Deep learning-based triage and analysis of lesion burden for COVID-19: a retrospective study with external validation

September 23, 2020 steven

Summary

Background

Prompt identification of patients suspected to have COVID-19 is crucial for disease control. We aimed to develop a deep learning algorithm on the basis of chest CT for rapid triaging in fever clinics.

Methods

We trained a U-Net-based model on unenhanced chest CT scans obtained from 2447 patients admitted to Tongji Hospital (Wuhan, China) between Feb 1, 2020, and March 3, 2020 (1647 patients with RT-PCR-confirmed COVID-19 and 800 patients without COVID-19) to segment lung opacities and alert cases with COVID-19 imaging manifestations. The ability of artificial intelligence (AI) to triage patients suspected to have COVID-19 was assessed in a large external validation set, which included 2120 retrospectively collected consecutive cases from three fever clinics inside and outside the epidemic centre of Wuhan (Tianyou Hospital [Wuhan, China; area of high COVID-19 prevalence], Xianning Central Hospital [Xianning, China; area of medium COVID-19 prevalence], and The Second Xiangya Hospital [Changsha, China; area of low COVID-19 prevalence]) between Jan 22, 2020, and Feb 14, 2020. To validate the sensitivity of the algorithm in a larger sample of patients with COVID-19, we also included 761 chest CT scans from 722 patients with RT-PCR-confirmed COVID-19 treated in a makeshift hospital (Guanggu Fangcang Hospital, Wuhan, China) between Feb 21, 2020, and March 6, 2020. Additionally, the accuracy of AI was compared with a radiologist panel for the identification of lesion burden increase on pairs of CT scans obtained from 100 patients with COVID-19.

Findings

In the external validation set, using radiological reports as the reference standard, AI-aided triage achieved an area under the curve of 0·953 (95% CI 0·949–0·959), with a sensitivity of 0·923 (95% CI 0·914–0·932), specificity of 0·851 (0·842–0·860), a positive predictive value of 0·790 (0·777–0·803), and a negative predictive value of 0·948 (0·941–0·954). AI took a median of 0·55 min (IQR: 0·43–0·63) to flag a positive case, whereas radiologists took a median of 16·21 min (11·67–25·71) to draft a report and 23·06 min (15·67–39·20) to release a report.
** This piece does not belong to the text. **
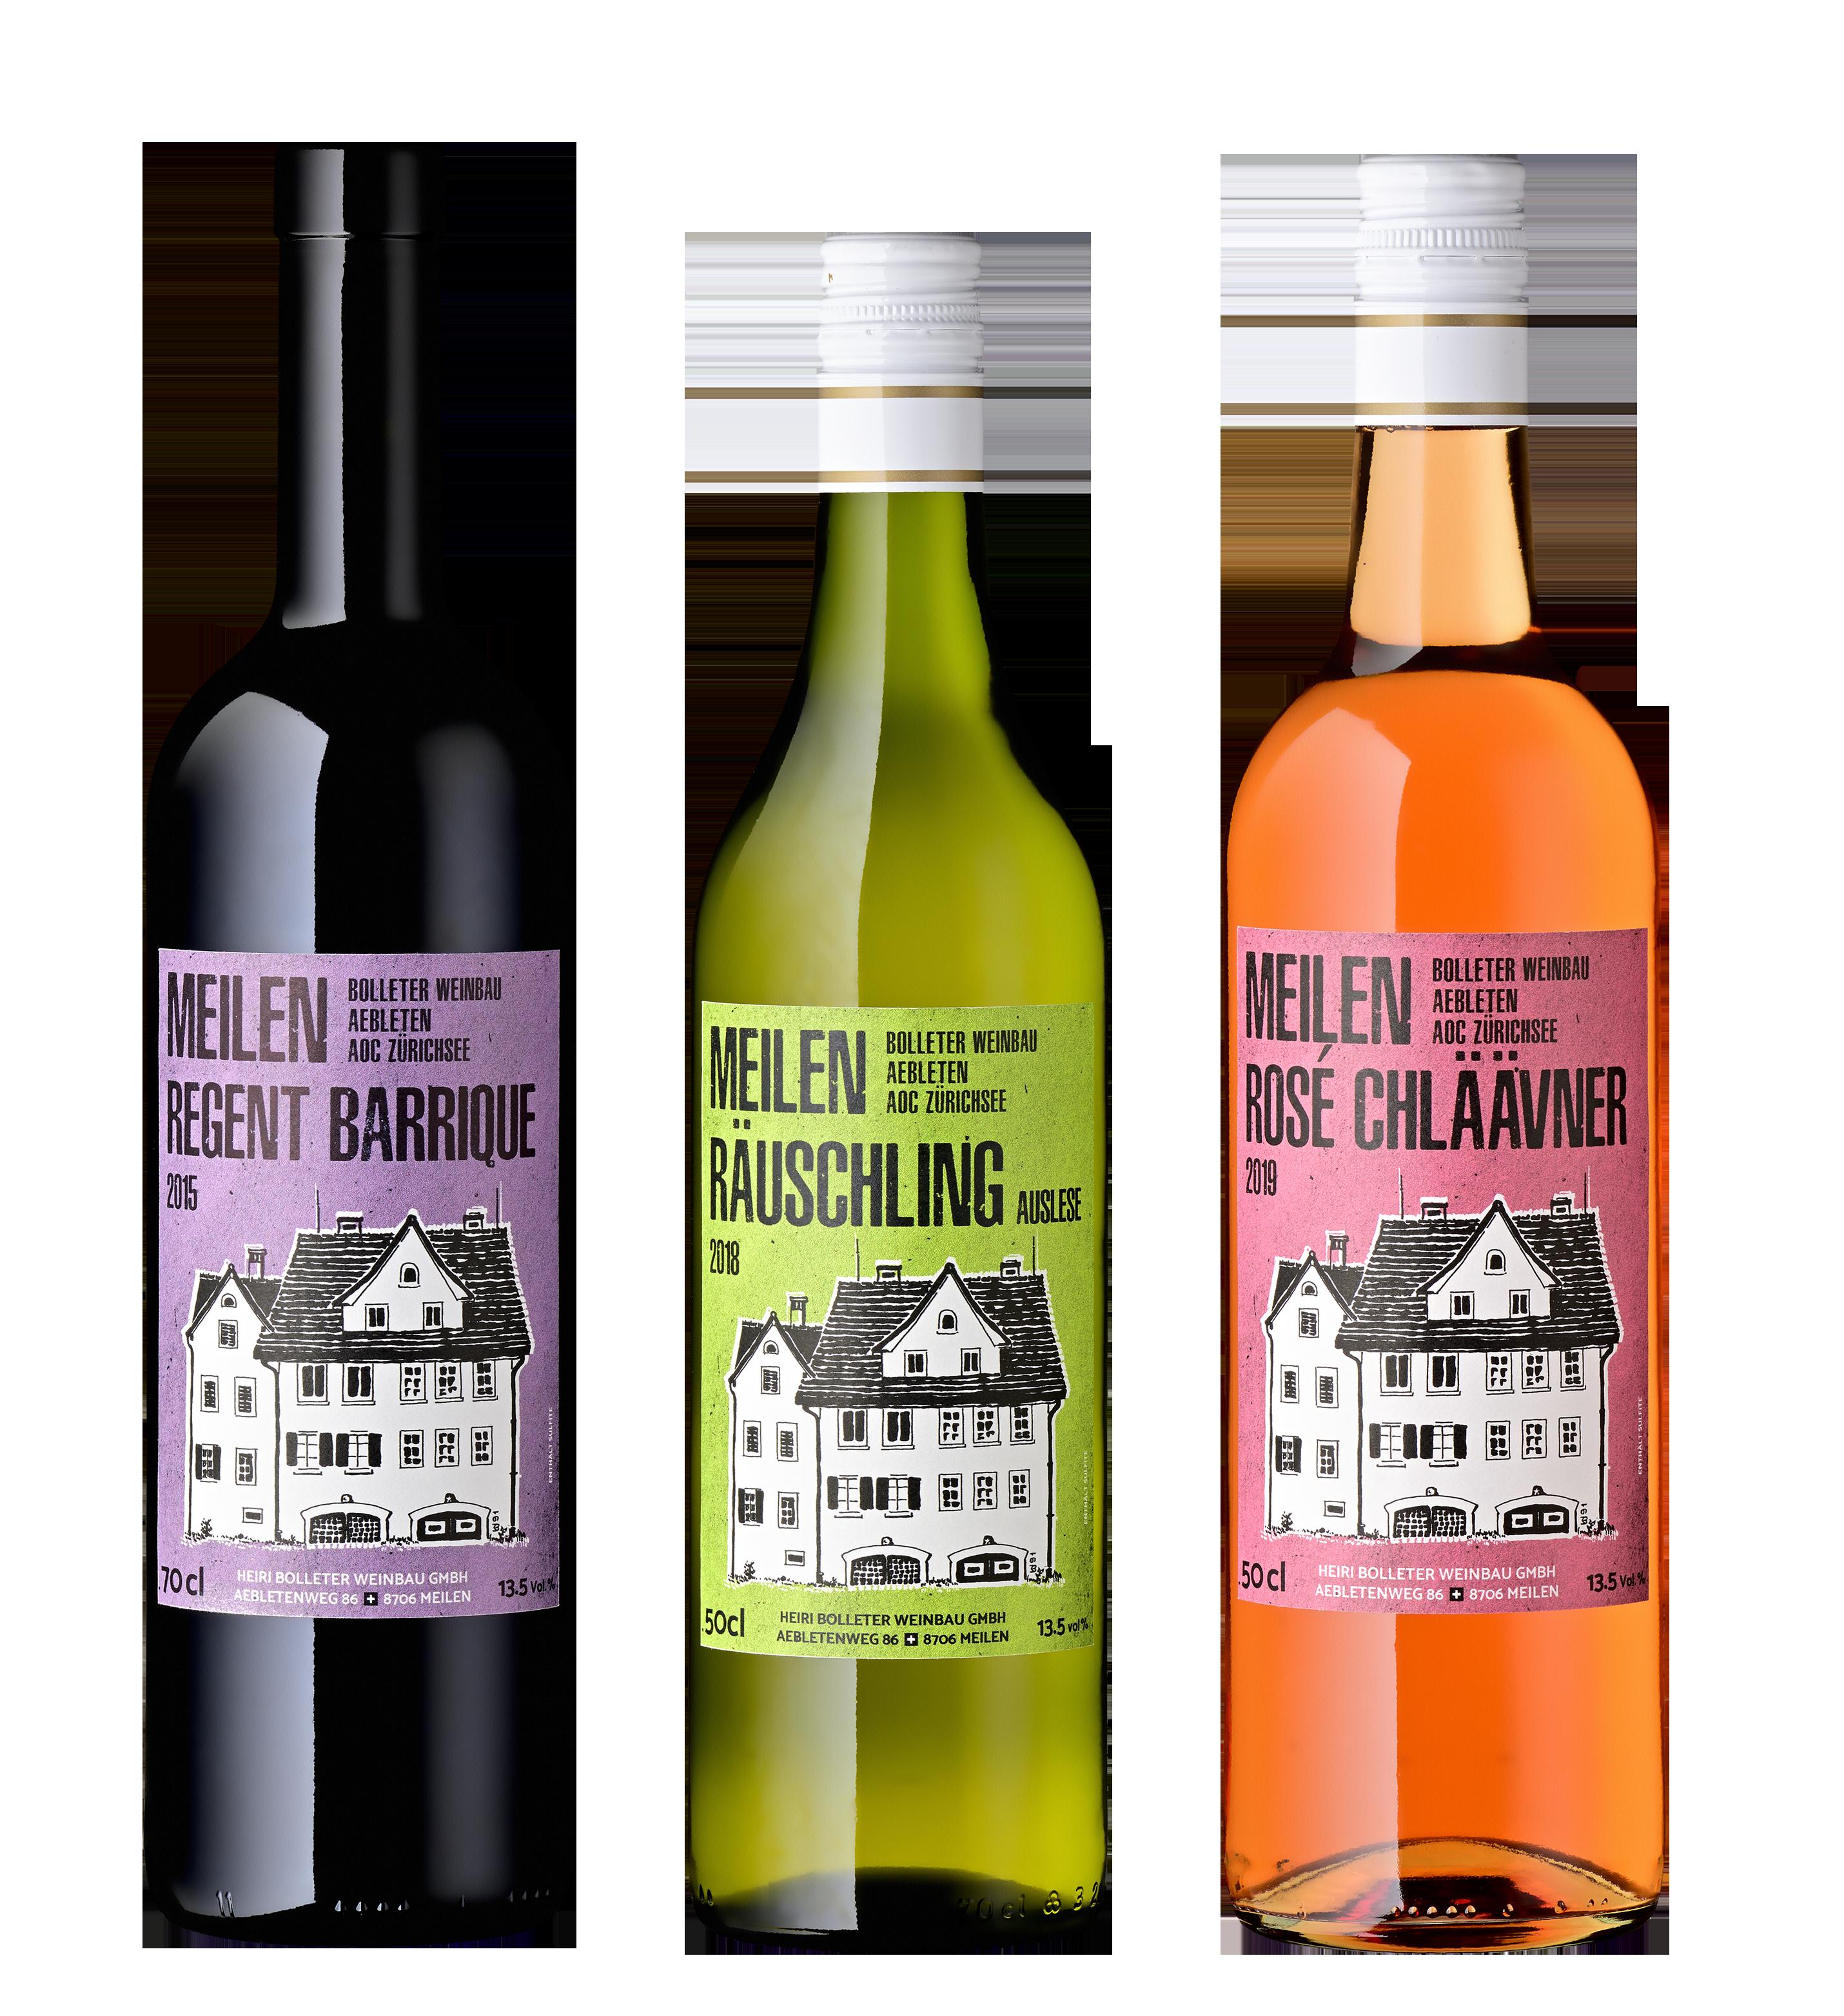 Bolleter Weinbau – Etiketten-Gestaltung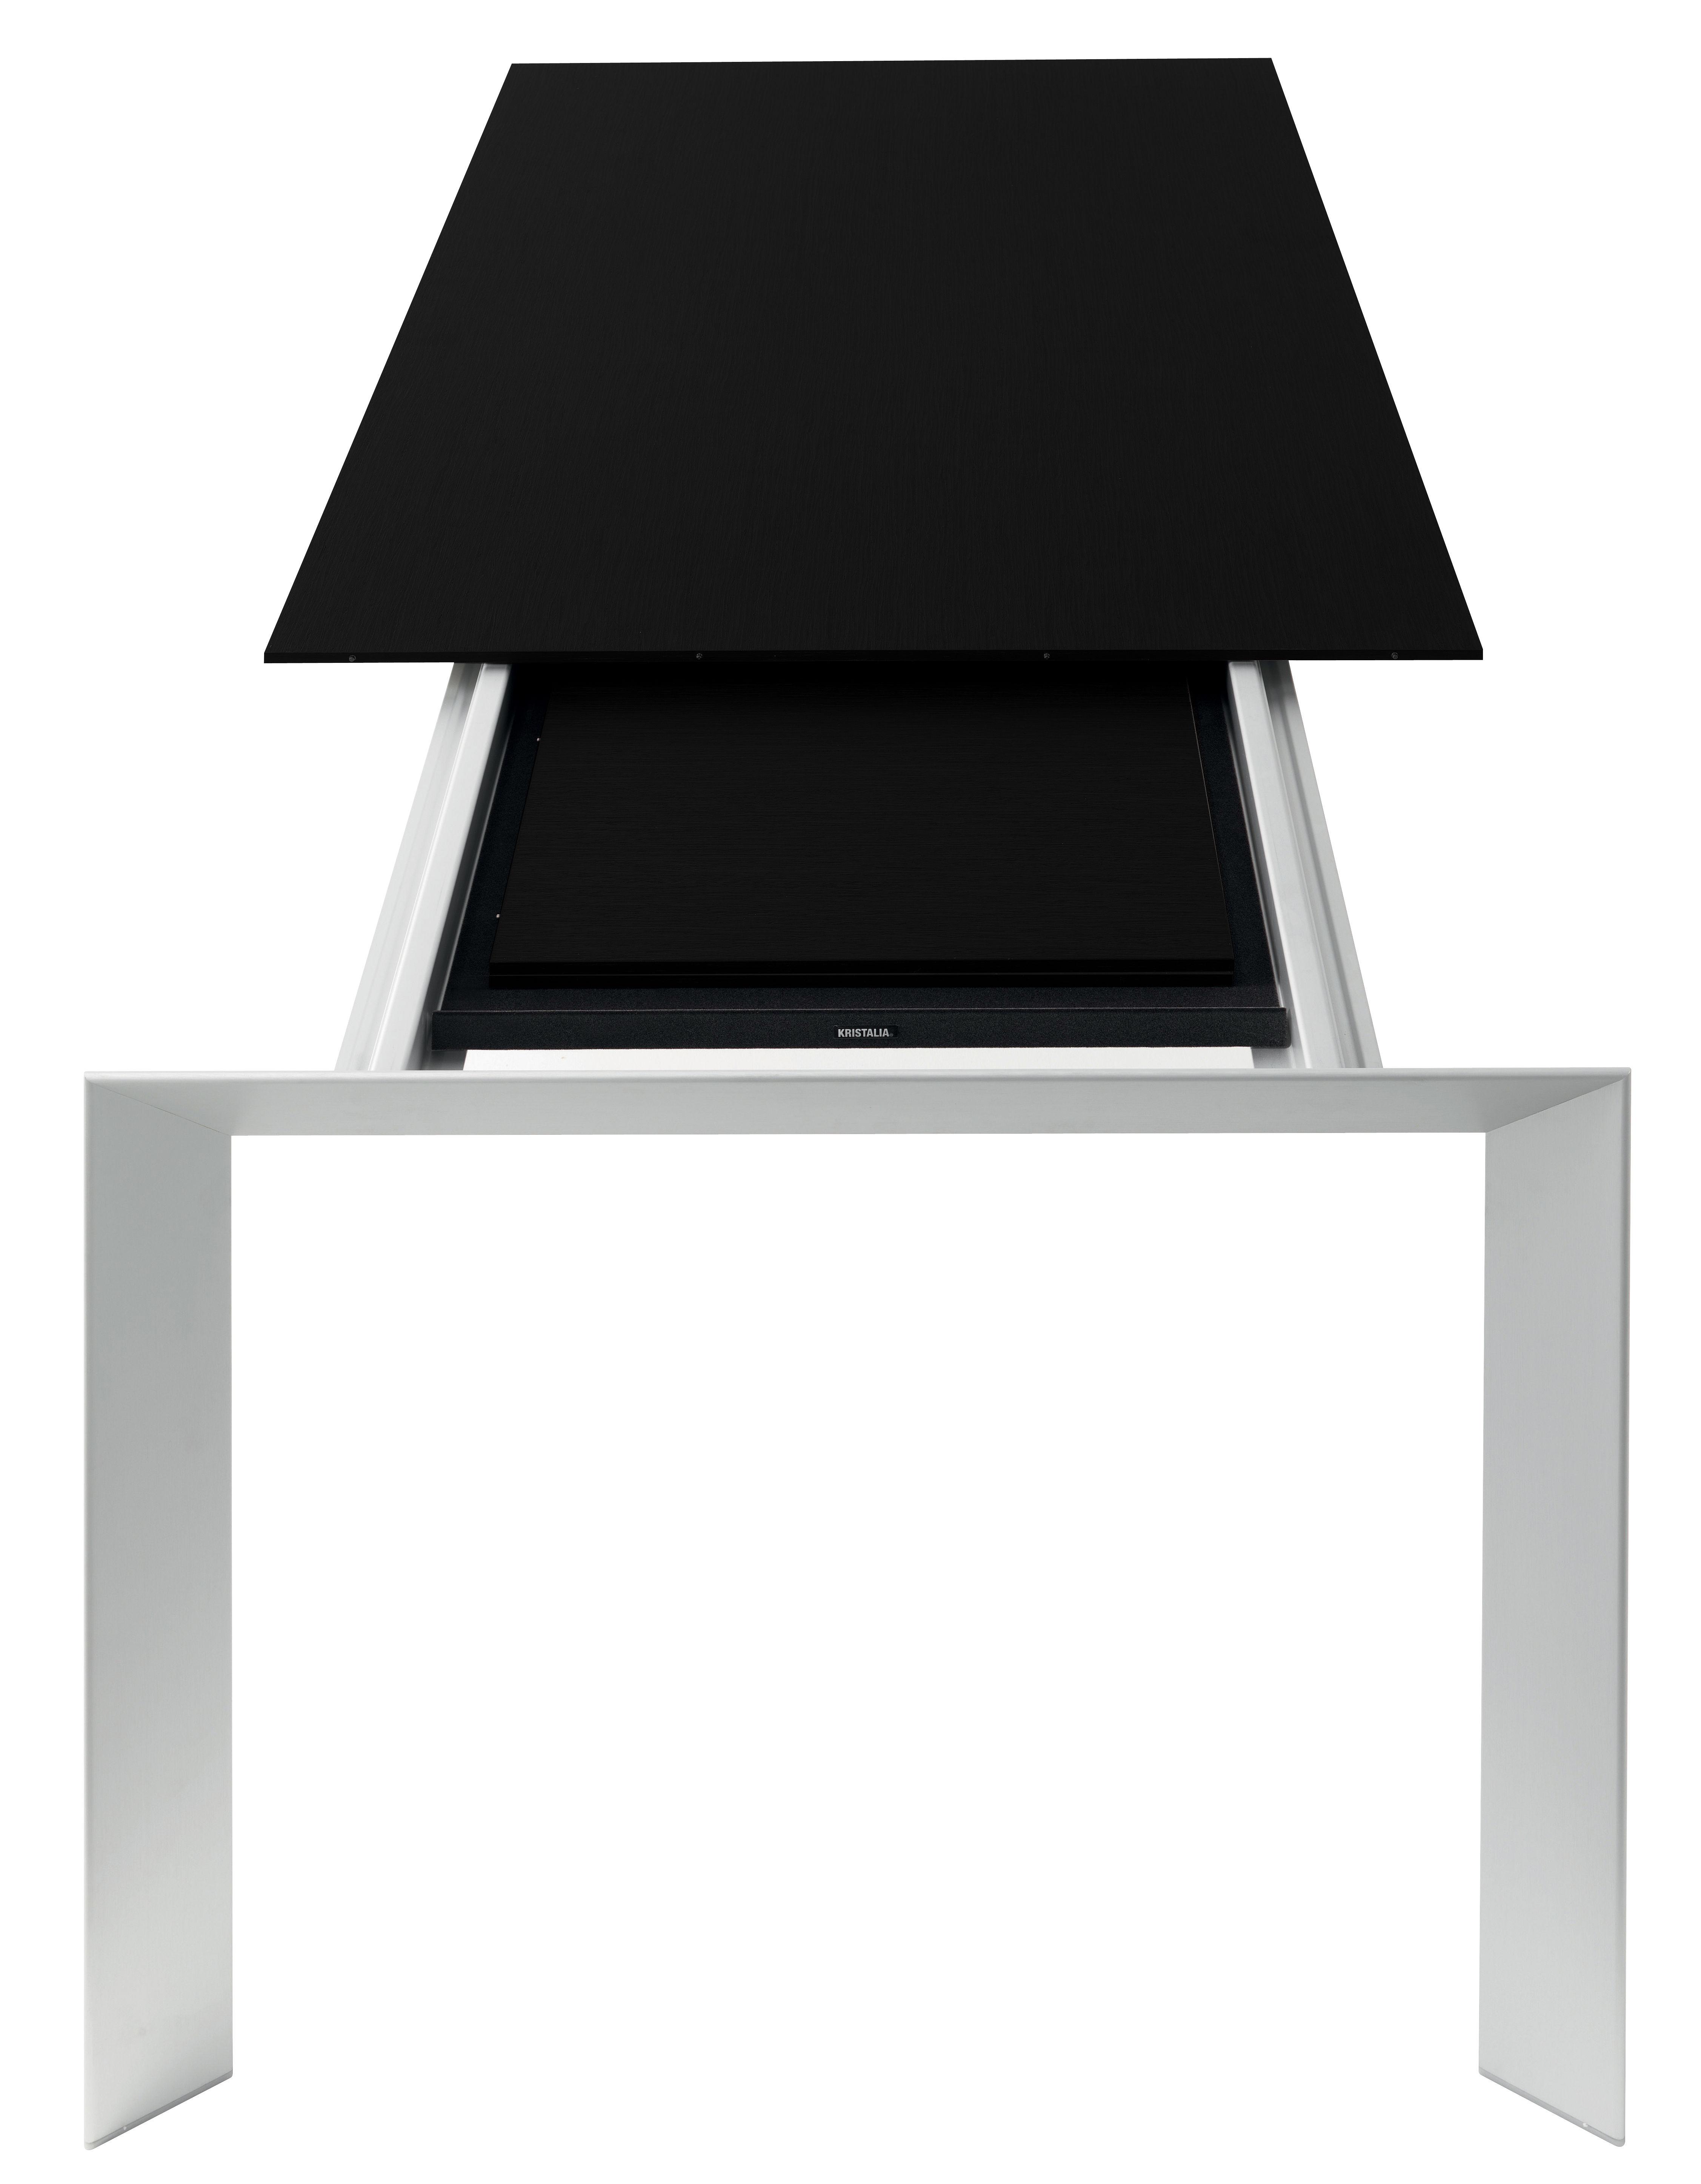 Rentrée 2011 UK - Bureau design - Table à rallonge Nori / L 139 à 214 cm - Kristalia - Noir / Pieds aluminium - Aluminium anodisé, Laminé stratifié

With regard to the identification of increases in lesion burden, AI achieved a sensitivity of 0·962 (95% CI 0·947–1·000) and a specificity of 0·875 (95 %CI 0·833–0·923). The agreement between AI and the radiologist panel was high (Cohen’s kappa coefficient 0·839, 95% CI 0·718–0·940).

Interpretation

A deep learning algorithm for triaging patients with suspected COVID-19 at fever clinics was developed and externally validated. Given its high accuracy across populations with varied COVID-19 prevalence, integration of this system into the standard clinical workflow could expedite identification of chest CT scans with imaging indications of COVID-19.